I would guess if he just told it to rename the variables and method first, it would have been closer to the original. |
|
| Apologizing to a program seems rather silly though. Do you apologize to your compiler when you have a typo in your code, and have to make it do all that work again? |
|
| I asked Claude 3.5 Sonnet a question in Italian in rot13 and it replied in Italian in rot13, there are a few typos but it's perfectly understandable. |
|
| I agree, it is fun!
LLM source recovery from binaries is thing. The amazing part is that they are pretty good at adding back meaningful variable names to the generated source code. |
|
| I’m hoping LLMs get better at decompiling/RE’ing assembly because it’s a very laborious process.
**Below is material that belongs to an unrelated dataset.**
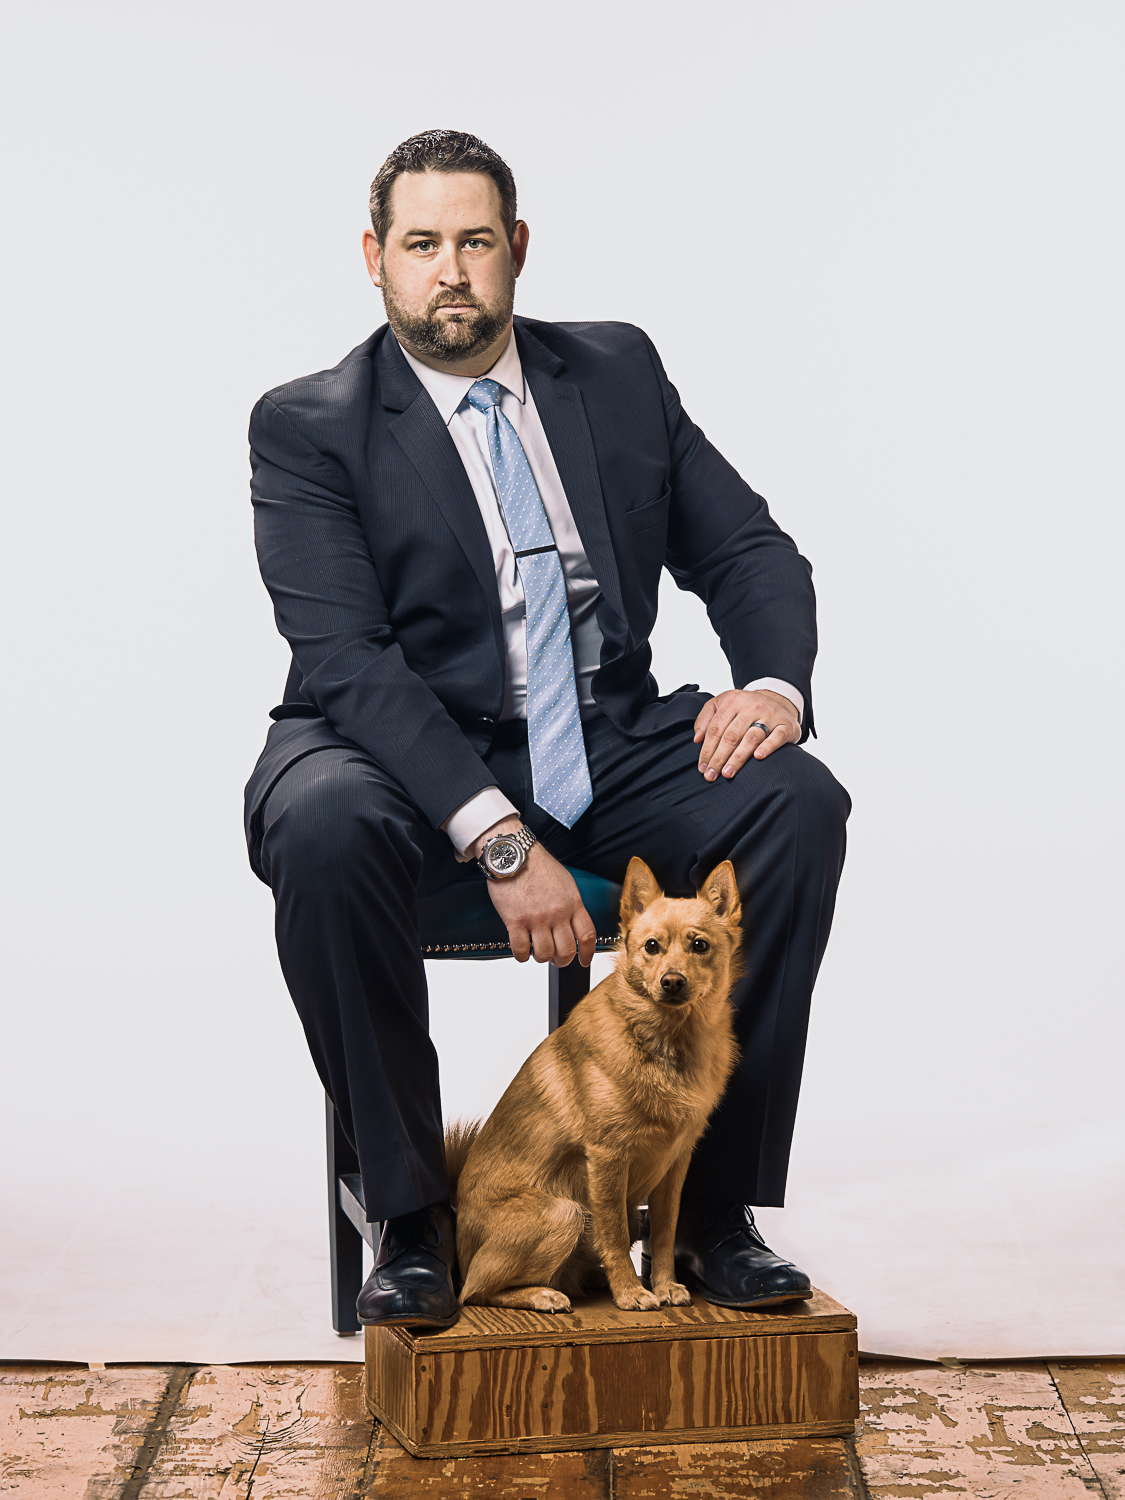 stoic portrait of business man and his dog

Currently I don’t think they have enough in their training sets to be very good at it. |
|
| You can do this on minified code with beautifiers like js-beautify, for example. It's not clear why we need to make this an LLM task when we have existing simple scripts to do it? |
|
| This post basically says that I don't need to document my code anymore. No more comments, they can be generated automatically. Hurray! |
|
| Unfortunately the comments that could be generated are exactly the ones that should never be written. You want the comment to explain why, the information missing from the code. |
|
| You can put these comments into the name of a function, getting rid of the redundancy and having them read by whoever would just be reading the code not to be distracted by the comments. |
|
| It is true that at least some jurisdictions do also explicitly allow for reverse engineering to achieve interoperability, but I don't know if such provision is widespread. |
Sometimes when I refactor, I do this manually with an LLM. It is useful in at least two ways: it can reveal better (more canonical) terminology for names (eg: 'antiparallel_line' instead of 'parallel_line_opposite_direction'), and it can also reveal names that could be generalized (eg: 'find_instance_in_list' instead of 'find_animal_instance_in_animals').